Only my personal view:-
Spain is not a Country, it is a collection of autonomous regions. They can set their own laws, taxes etc.
None of them want to be governed by a central state. Look at Basque region and Catalonia for examples.
They (the politicians of the regions) are used to being corrupt, a lot of tax money doesn't make it back to the central coffers.
There is no chance of any of the regions becoming independent - they cannot raise debt. This is needed in all economic systems.

About time they (the politicians of the regions) did what they were elected to do - run the regions and not their own pockets.

[rant mode off]

Janet

Standard & Poor's has downgraded Spain's credit rating again. It's now BBB-, one level above junk status. Further downgrades are also possible ...

BBC

Janet

and democracy itself is in trouble without an effective press. In Spain, it's questionable how effective it is anyway, but when El Pais is in big trouble, we can say this is very serious.
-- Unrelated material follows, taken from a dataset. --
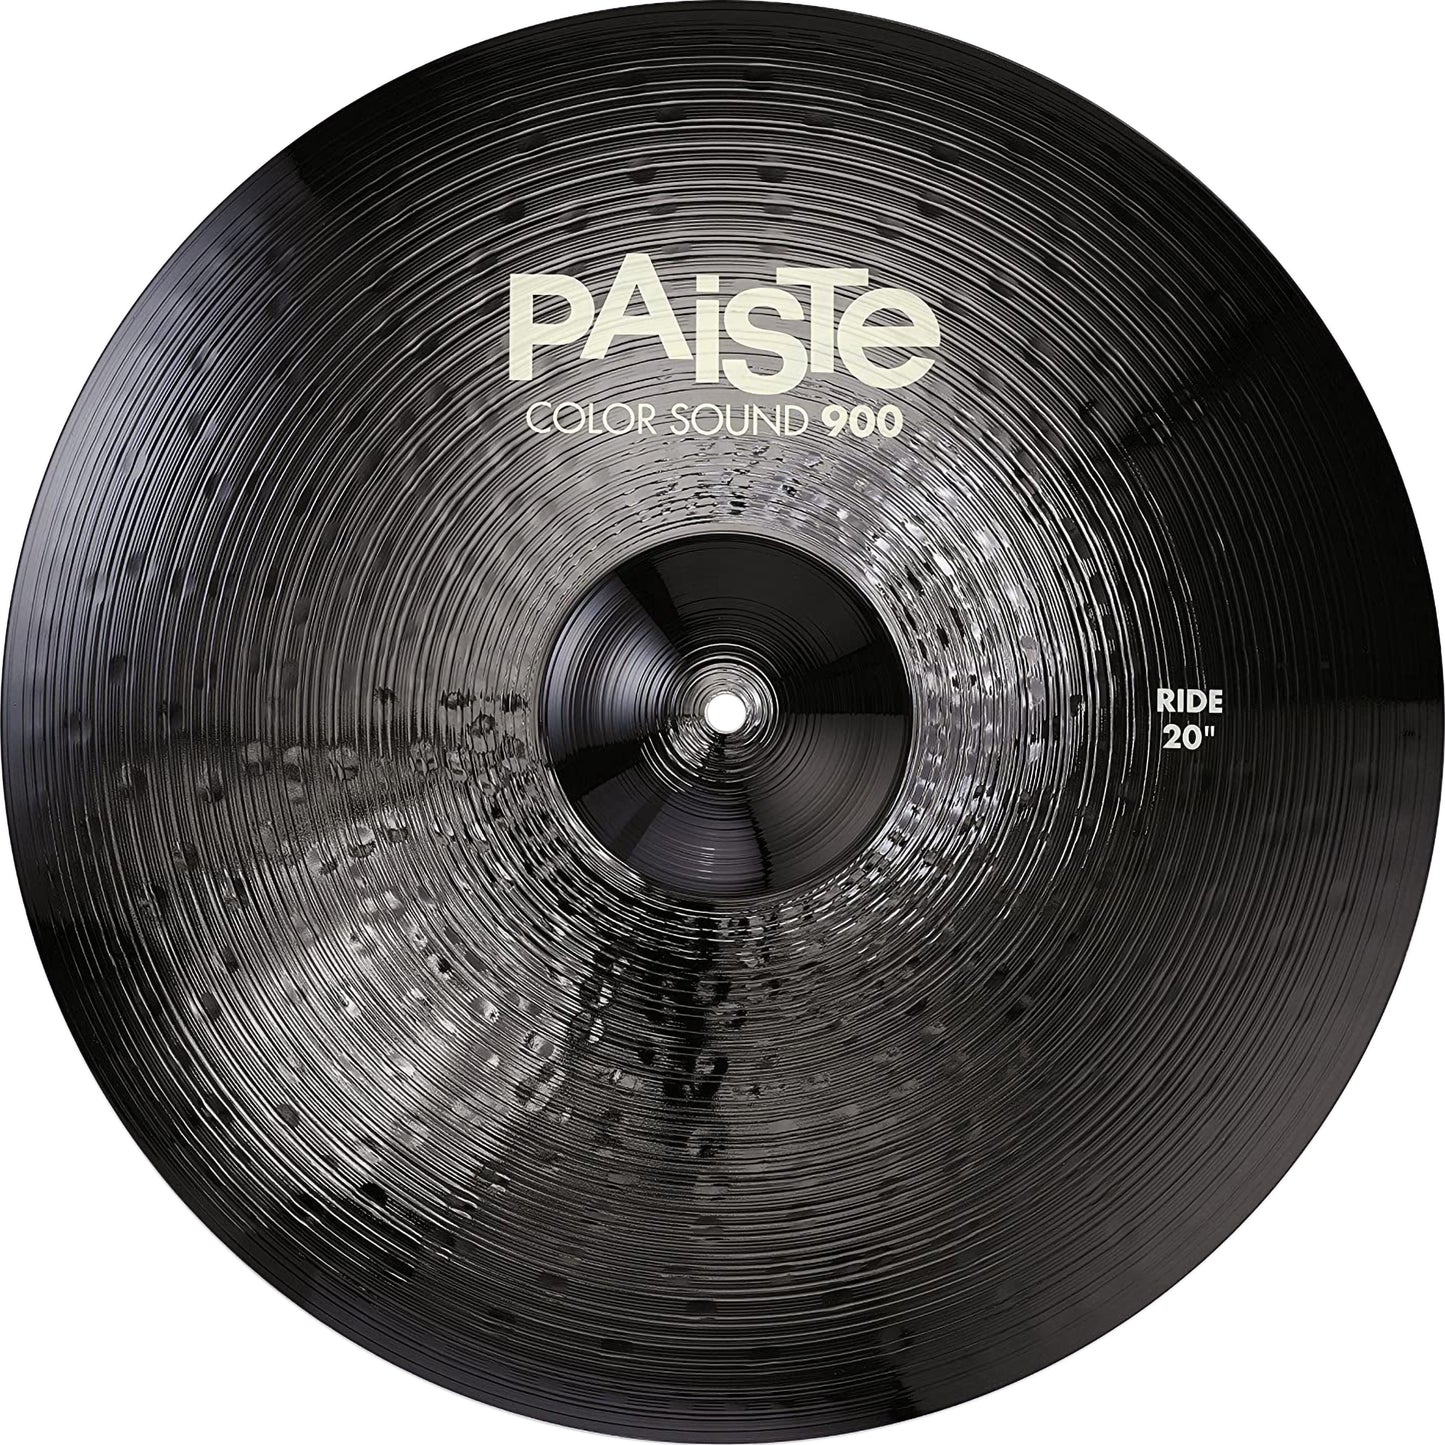 Paiste 20” Color Sound 900 Black Ride Cymbal

QuoteEl País is to axe a third of its workforce as the country's media sector shrivels under the combined weight of the global newspaper crisis and a worsening domestic recession.
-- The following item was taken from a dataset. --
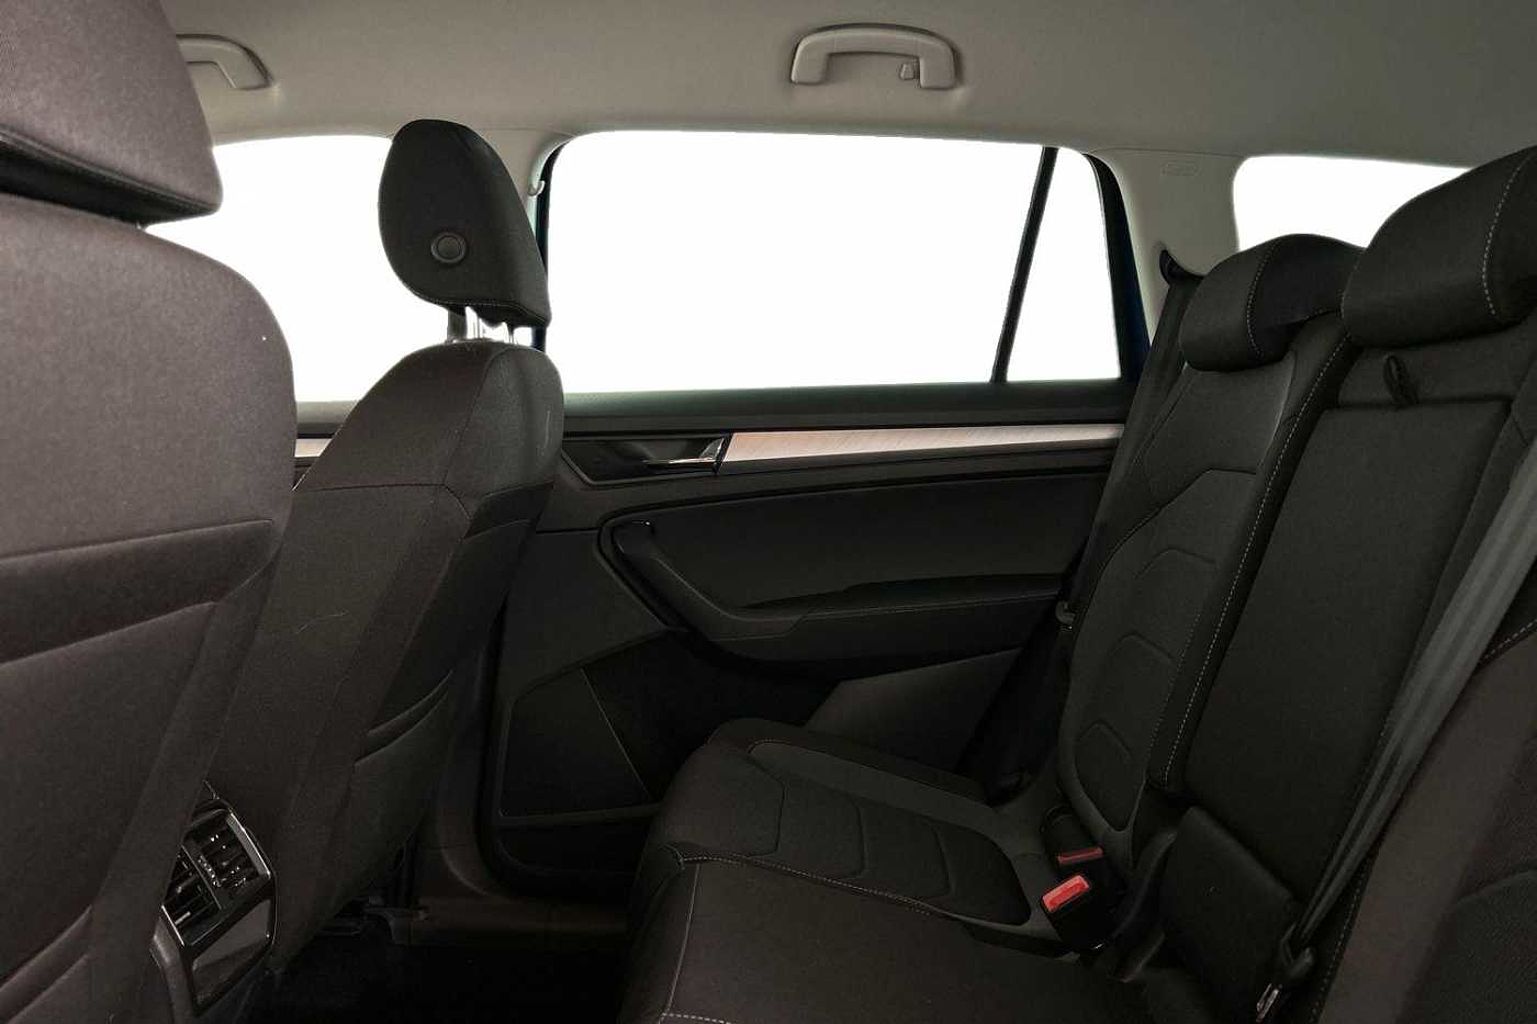 SKODA Kodiaq 1.5 TSI (150ps) SE (5 seats) ACT DSG SUV

The announcement has provoked bitter tensions within the newspaper as fears grow that the sale of a major share in El País's debt-laden parent company, Prisa, to a group of New York-based investors in 2010 will lead to the paper being bled of resources or sold off. Juan Luis Cebrián, the veteran former El País editor who is now Prisa's chief executive, dropped the bombshell on the workforce a week ago. Of the 464 staff, the company plans to sack 128, send 21 into early retirement and exact a 15% pay cut from the remainder. Under labour law changes introduced earlier this year, the cost of shedding one-third of the workforce is about half what it would have been in 2011.
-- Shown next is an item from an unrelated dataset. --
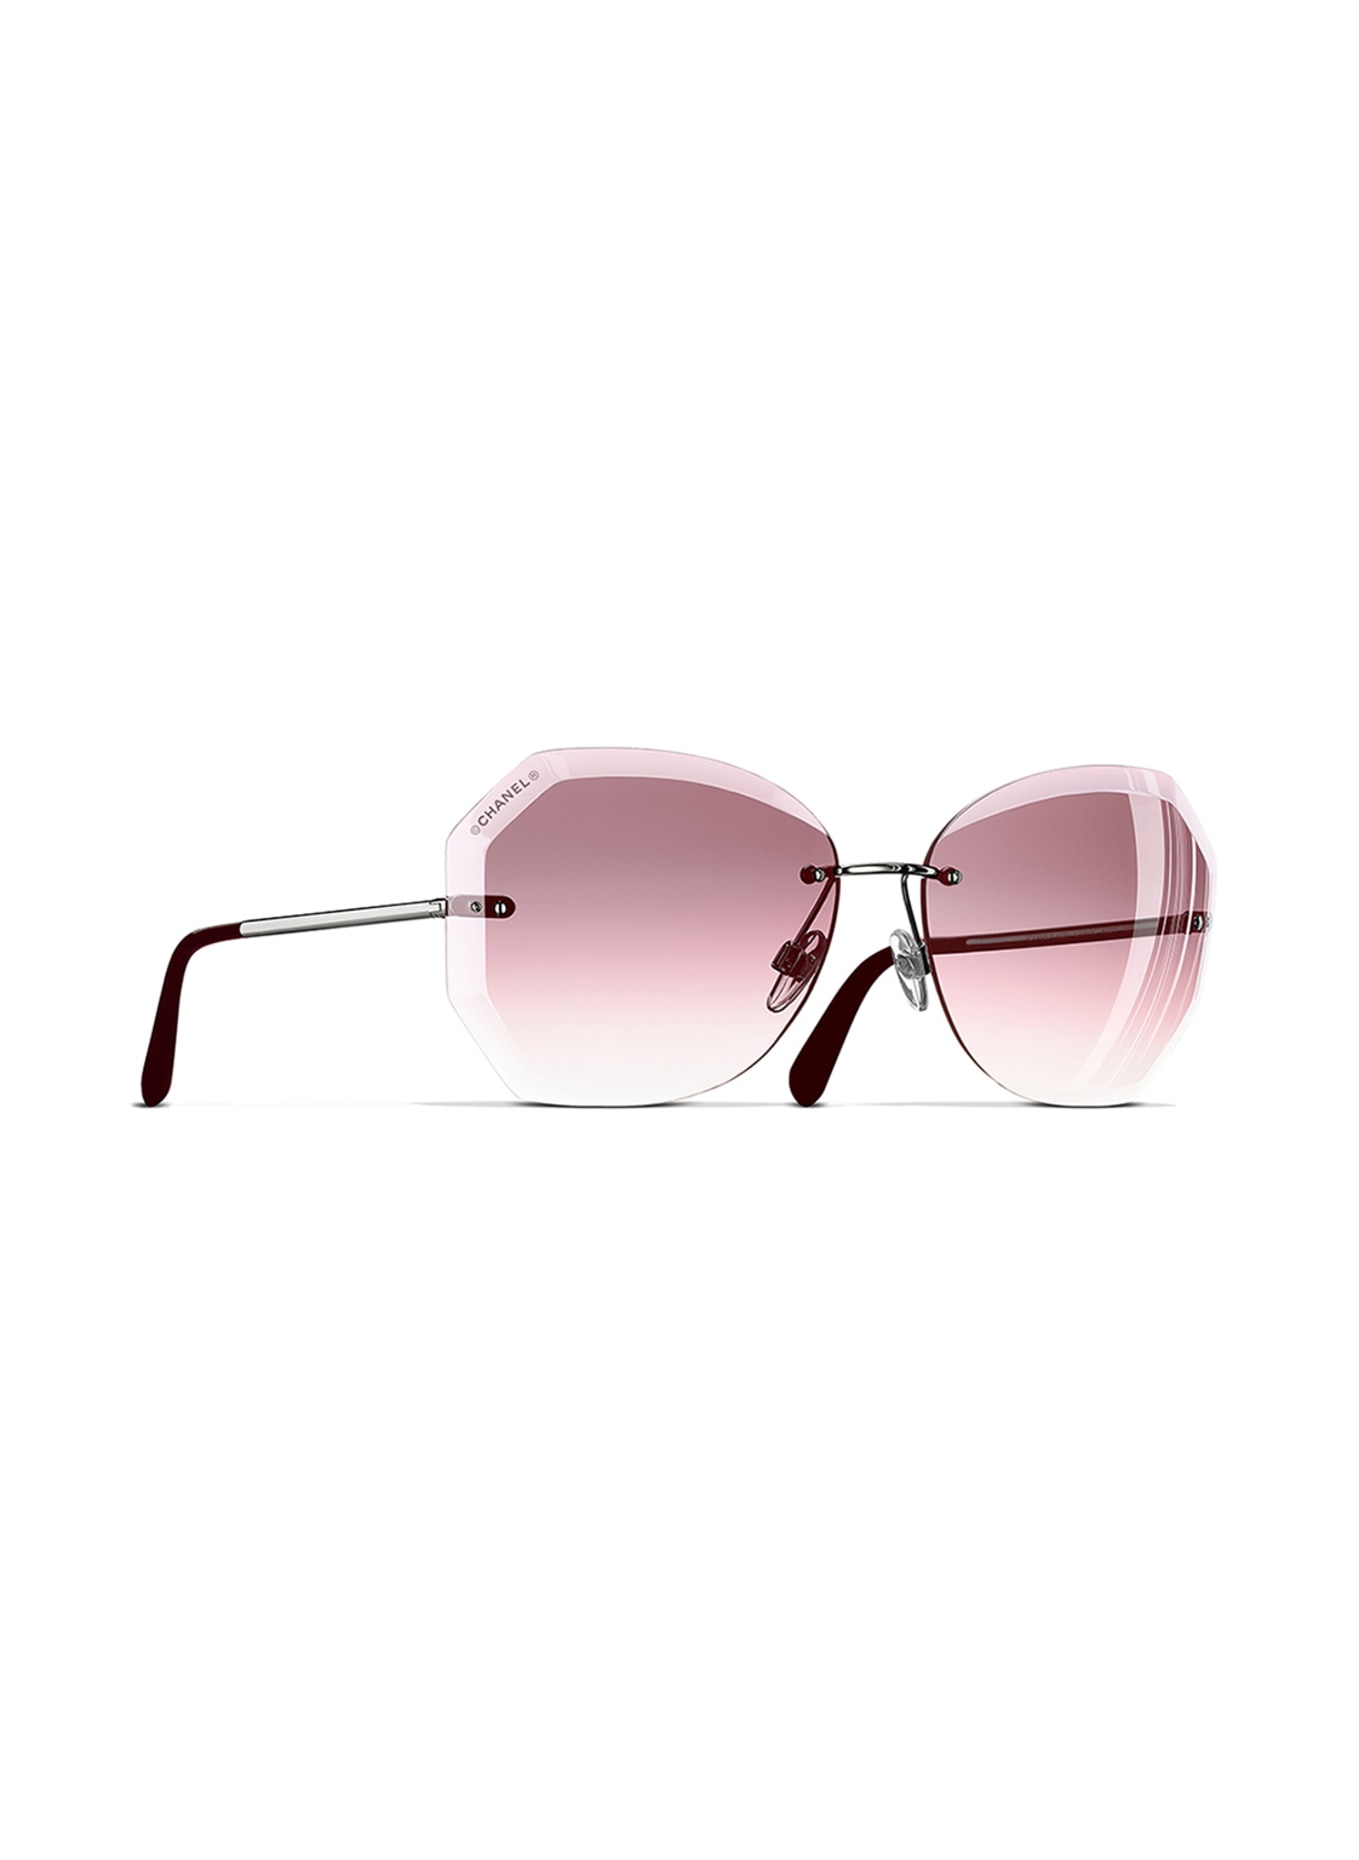 CHANEL Round sunglasses in c1083p - pink/ rosé gradient

Journalists at the paper responded with a two-day withdrawal of bylines, and plan to begin disruptive stoppages shortly. As tempers frayed, a union meeting urged the editor, Javier Moreno, to resign while Cebrián was urged to pay back millions of euros he has earned in recent years. Management claimed the paper's survival was at stake. "Either we change our model and the newspaper's structure or we cannot continue producing El País," said the newspaper's chief executive, José Luis Sainz.

Link

Myrtle Hogan-Lance

Don't you think a large part of their problem could be the internet?  It is having a major effect on newspapers worldwide as their business model (selling papers) is not effective in the internet age.  (What age are we in?)  I have no idea of the amount of newspaper sales/readership or uptake of internet in Spain, so am basing my assumption that the internet has impacted El País on the others. 

What about the other Spanish papers?   

Janet

The protests are still going on. As the BBC reports:

QuoteThousands of people have joined fresh protests in the Spanish capital, Madrid, angered by budget cuts and calling on the government to quit. Demonstrators held a minute's silence with their backs to parliament, then shouted "resign" with fists clenched. Parliament was guarded by hundreds of police officers.

New figures this week showed about a quarter of working-age people in Spain were now unemployed. Saturday's protesters came from all over the country and were met by vans of riot police, says the BBC's Pascale Harter in Spain. Just hours earlier, she says, 300 police had staged their own protest in the capital, setting off fire crackers and blowing police whistles over the same issue - budget cuts.

One banner read: "The police can't take it any more."

Is another golden dawn about to break in Spain? A political one, of course .....

Janet

Do you remember that mayor in Spain who encouraged people to rob a supermarket and distribute food to the poor (am I remembering this correctly??)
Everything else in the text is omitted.